Saved data entries
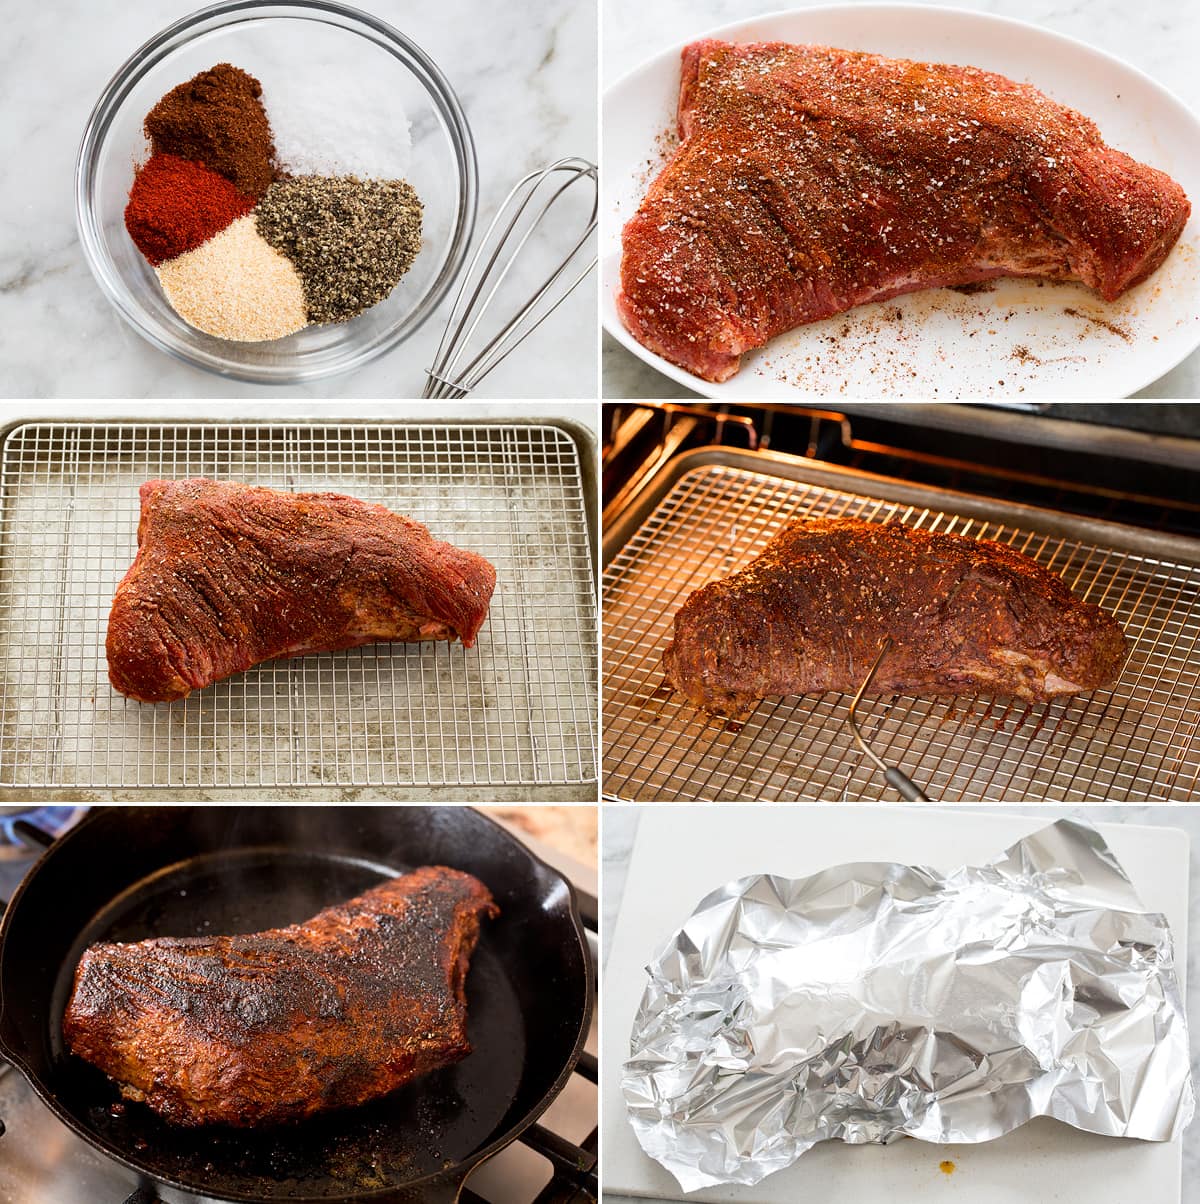 Collage of six images showing how to make and bake roasted tri tip.
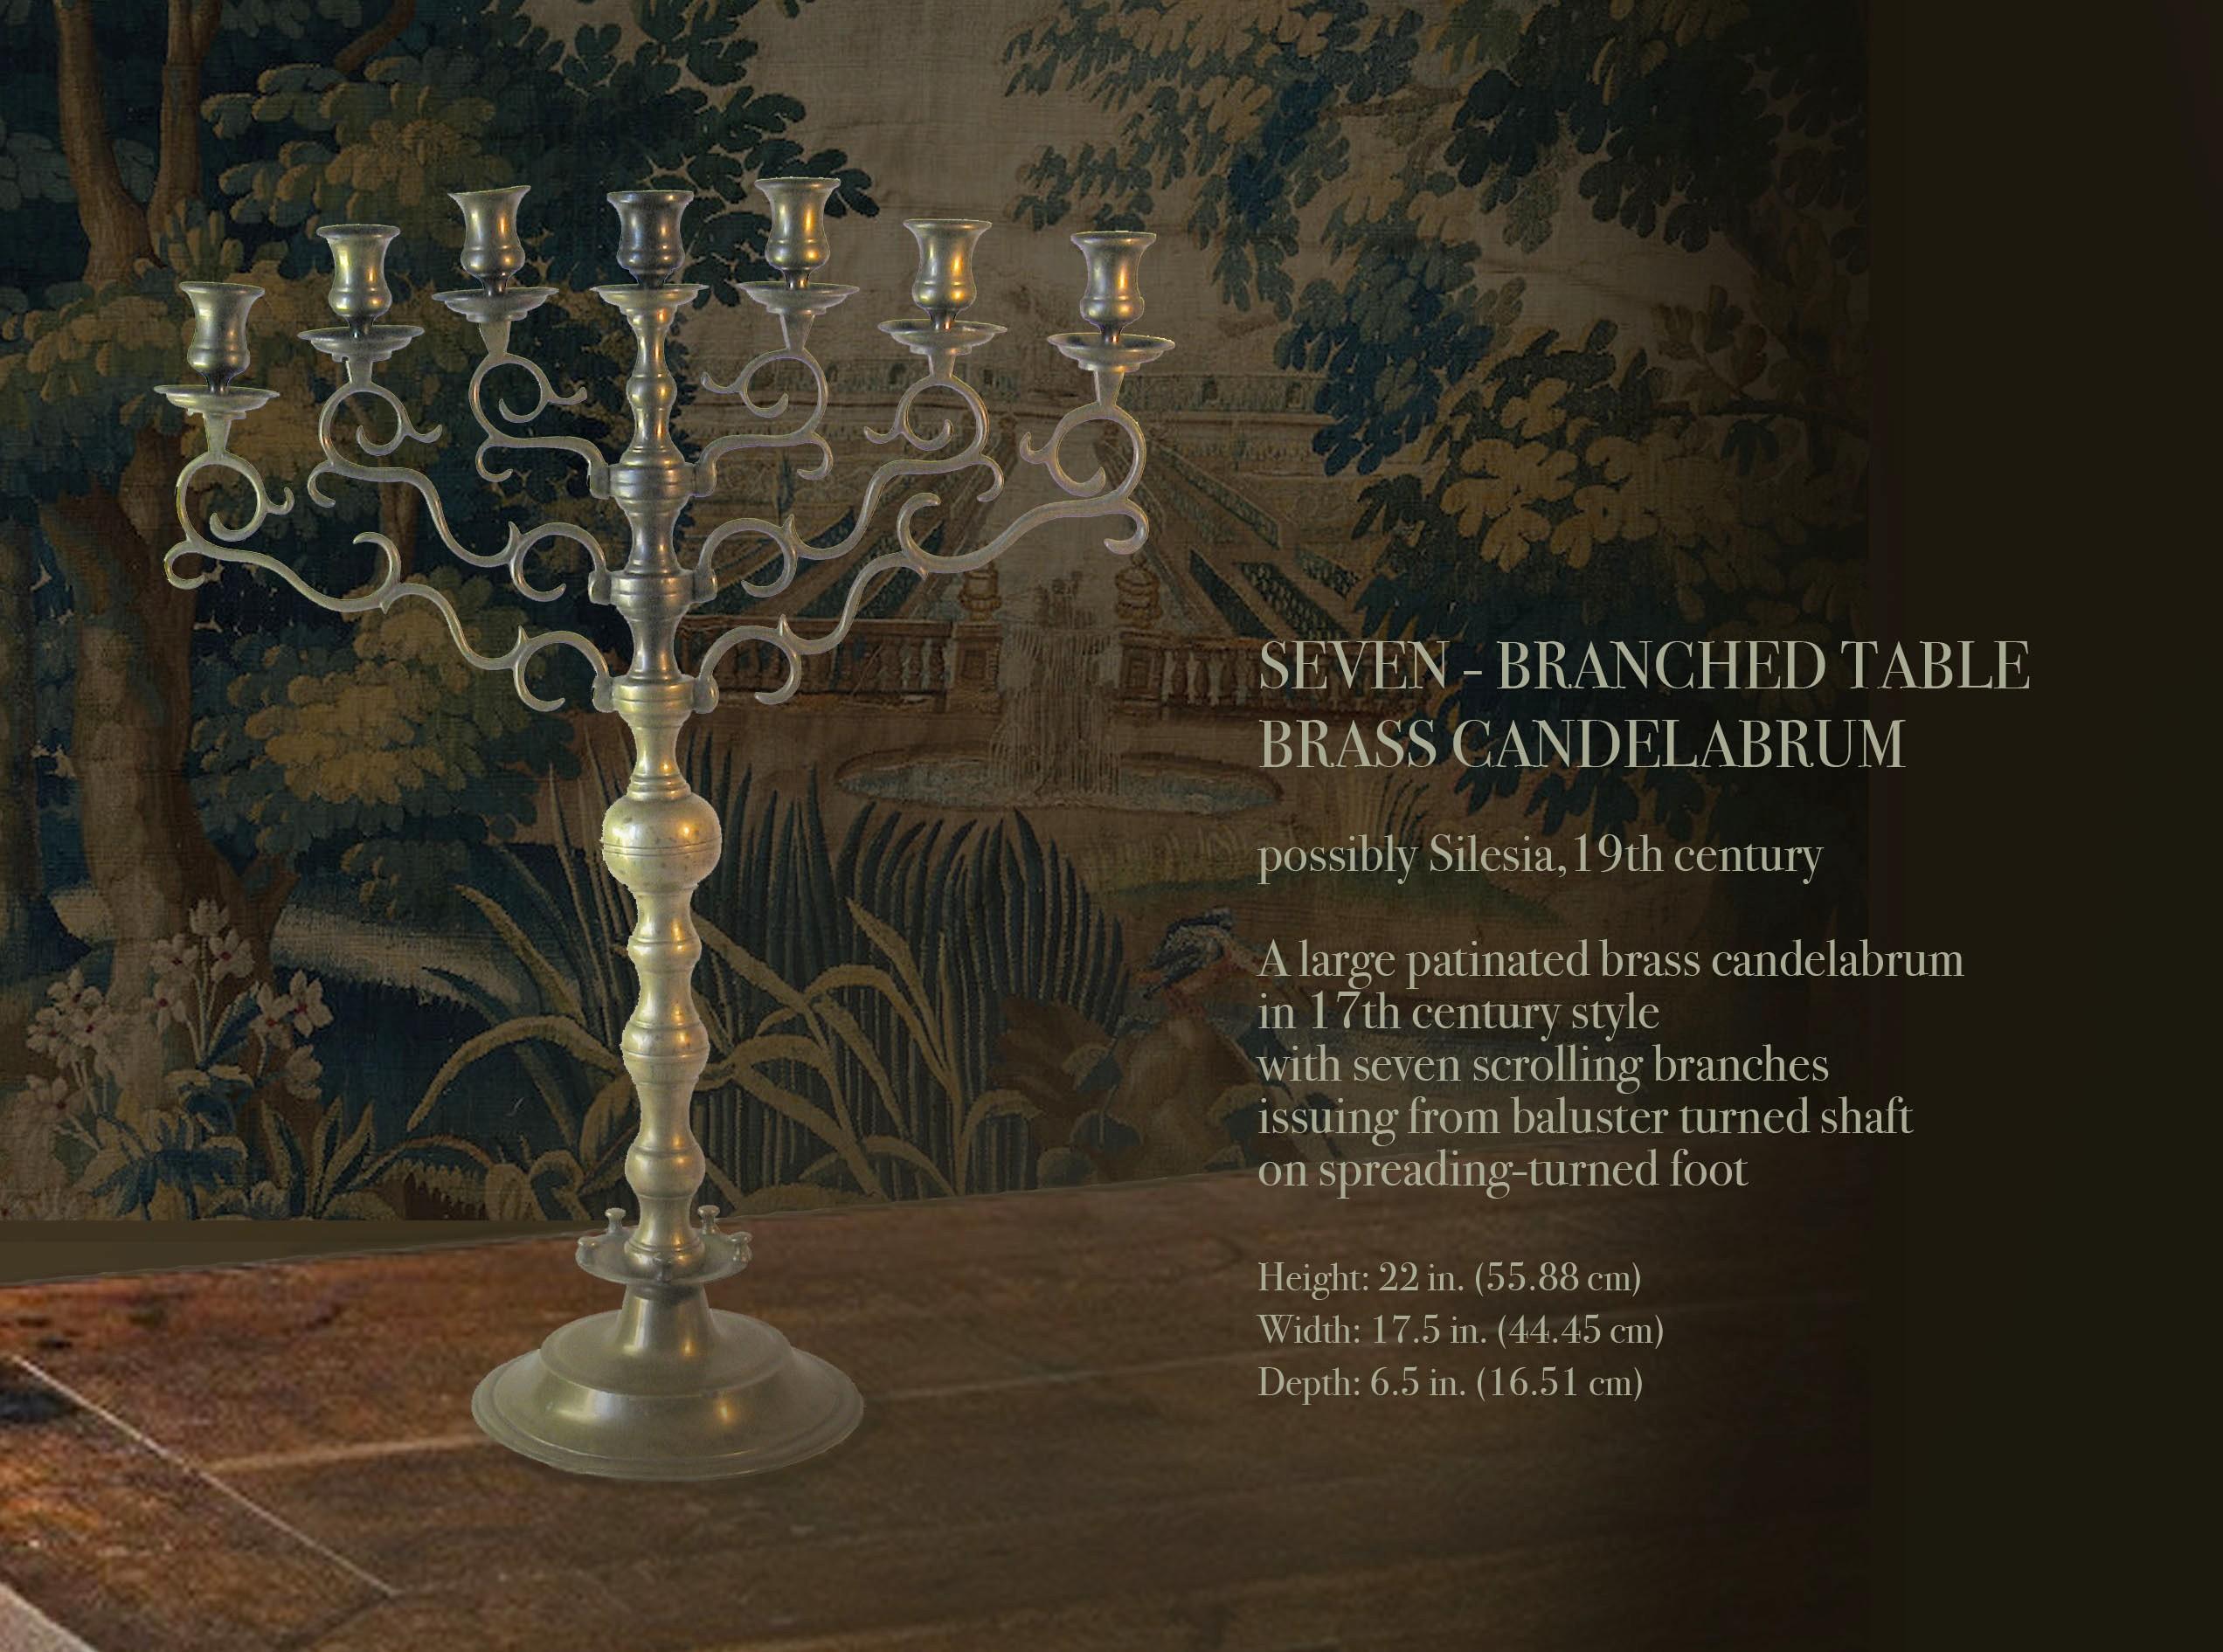 Seven - branched table
Brass candelabrum.

Possibly Silesia, 19th century.
(Poland/Czech Republic).

A large patinated brass candelabrum
in 17th century style
with seven scrolling branches
issuing from baluster turned shaft
on

What you will do: Please write out, exactly as they appear, the line that contains "A large patinated brass candelabrum" and every line after it up to the end of the entries above, and no others.

Exercise output:
A large patinated brass candelabrum
in 17th century style
with seven scrolling branches
issuing from baluster turned shaft
on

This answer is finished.